The Vienna Boys Choir is arguably the most recognized vocal ensemble in the world. It helps that the celebrated Austrian institution is marking its 525th anniversary, an extraordinary record of longevity that few if any other such groups can match.
One of the four ensembles that tour under the Boys Choir banner will help launch the Chicago holiday season on Nov. 25 with “Christmas in Vienna,” a Symphony Center Presents Special Concert.
The first half will focus on general offerings, including two motets and excerpts from Stephen Sondheim’s Into the Woods and the Puccini opera Turandot. In addition, the choir will honor its 525th anniversary with a performance of Mozart’s A Little Night Music, traditionally considered to be his 525th work. The second half turns solidly to holiday and festive favorites, ranging from the celebratory Jewish folk song “Hava Nagila” to “The Skaters’ Waltz,” “Carol of the Bells,” “O Holy Night” and “Let It Snow.”
“It’s quite mixed, from classical and Renaissance music to popular music and folk music — a little bit of everything,” said Manuel Huber, who serves as choirmaster and conductor for this ensemble.

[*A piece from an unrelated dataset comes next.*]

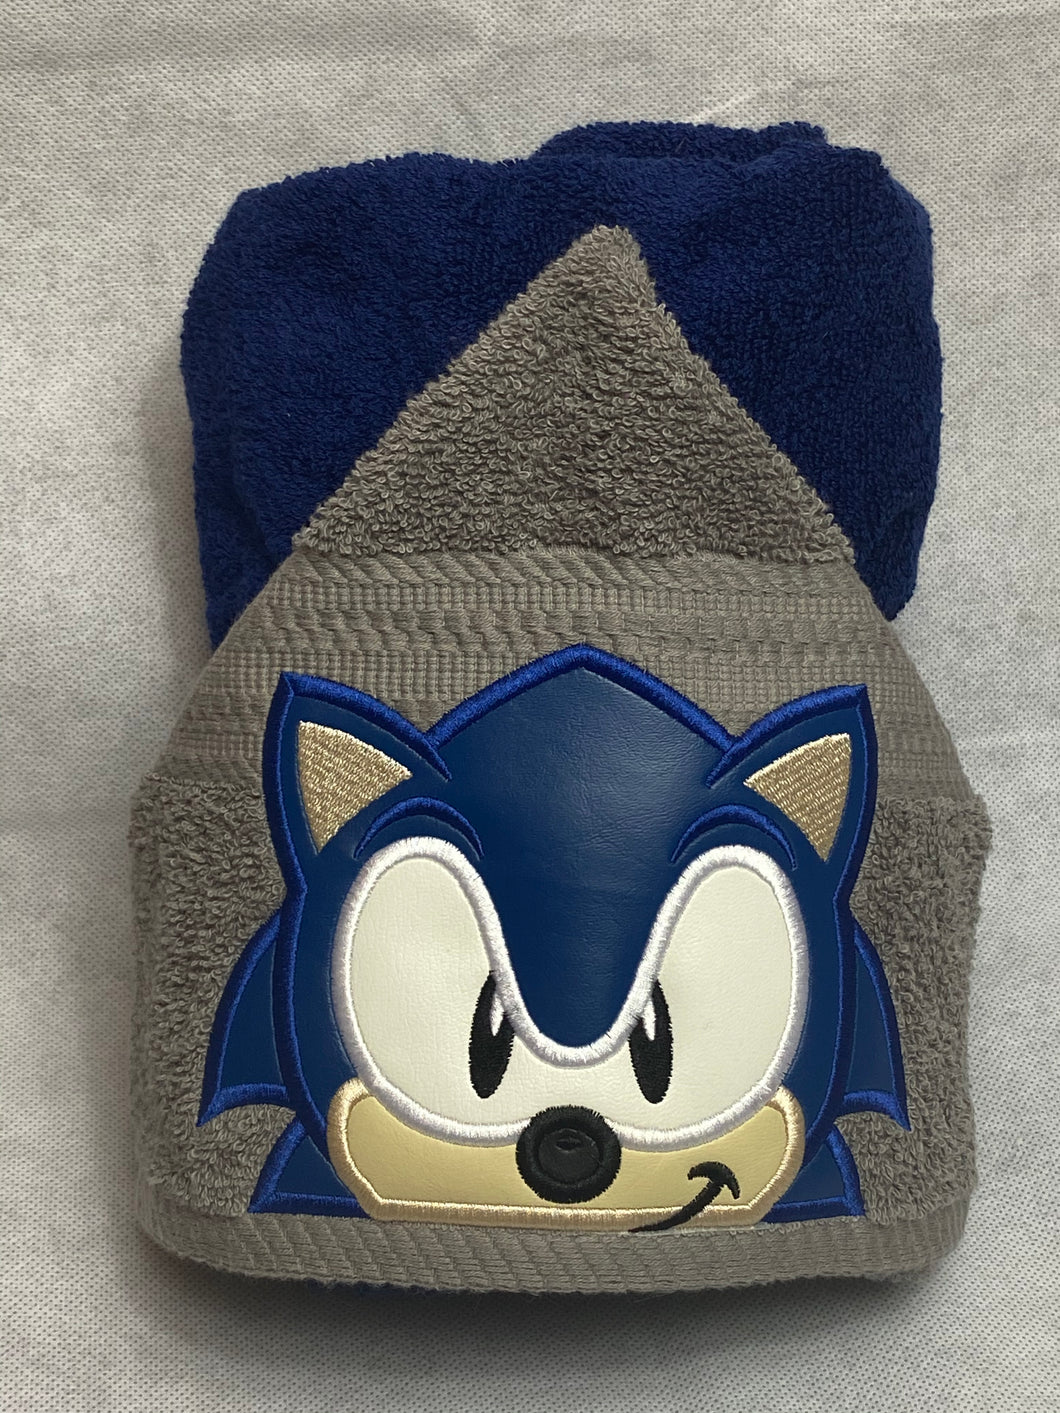 Hedgehog character hooded towel

The Boys Choir, which UNESCO recognized in 2017 as part of the Intangible Cultural Heritage of Austria, consists of about 100 choristers ages 9-15 who are divided into four touring choirs that present some 300 concerts a year worldwide. (There is also a Vienna Girls Choir, which was founded in 2004 and is set to tour soon.)
Each of the four touring groups has its own choirmaster and its own subtly distinctive identity and sound. “Generally, we do the same thing,” Huber said. “We have the same philosophy, and the style of repertoire is the same. But still, everyone has their own individual choice of what they’re doing with the choir. So every choir actually sounds a little bit different, but it’s only small differences.”
The Chicago-bound ensemble, which is nicknamed the Mozartchor (each is named for a famous composer), began its North American tour on Oct. 11, and it will return to Austria on Dec. 22, switching to a holiday program along the way. It incorporates 22 singers ranging in age from 10 through 14, from Austria, as well as Japan, Germany, Romania, South Korea and Ukraine.
It is one of two Boys Choir ensembles currently touring, with the other traversing China and Taiwan, where the young singers have proven to be much in demand. The remaining two groups are taking their turns at home, presenting, among other duties, Sunday performances in Vienna’s Imperial Chapel, as the Boys Choir has done since its earliest days.
While the Boys Choir has made allowances for modernity, it still operates much as it did decades ago. The boys live at a boarding school, with no exceptions made for those from Vienna. “We need the social bond that they form in the boarding school, and we need also that they know our rules,” Huber said. The boys have weekly individual voice lessons, two hours of rehearsals each day and one-hour sectionals in the afternoons.
The choristers are chosen via an entrance exam. While it is possible to apply and take the exam directly, many of the participants attend the Boys Choir’s elementary school for four years. Others take part in a summer camp and then go to the elementary school for a year.
“We look for the potential,” Huber said of the applicants who are accepted. “They don’t have to be perfect, of course. But we want to see the motivation and the potential to develop in a good way for the choir.”
The Vienna Boys Choir was founded in 1498 by the Holy Roman Emperor Maximilian I, who moved his court to the Austrian capital that year. Famous composers such as Joseph Haydn, Michael Haydn and Franz Schubert all sang in the ensemble. The boys sang exclusively for the royal court until 1918, and the choir became a private organization in the 1920s.
The Boys Choir is headed today by Gerald Wirth, a boy chorister and a choirmaster in 1986-89. A former chorus master of the Salzburg Opera House, he has also served as artistic director of the Calgary (Alberta) Boys’ Choir and musical director of the Calgary Civic Symphony.
The group’s most recent album, released internationally in December 2021 on the Deutsche Grammophon label, was inspired by the challenges of the COVID-19 pandemic. Titled “Together,” it features 19 songs that speak to the commonalities of people regardless of their geographic or ethnic origins. As one reviewer recently observed, “The world-famous Vienna Boys’ Choir deliver a musical message of peace: music unites, it does not divide.”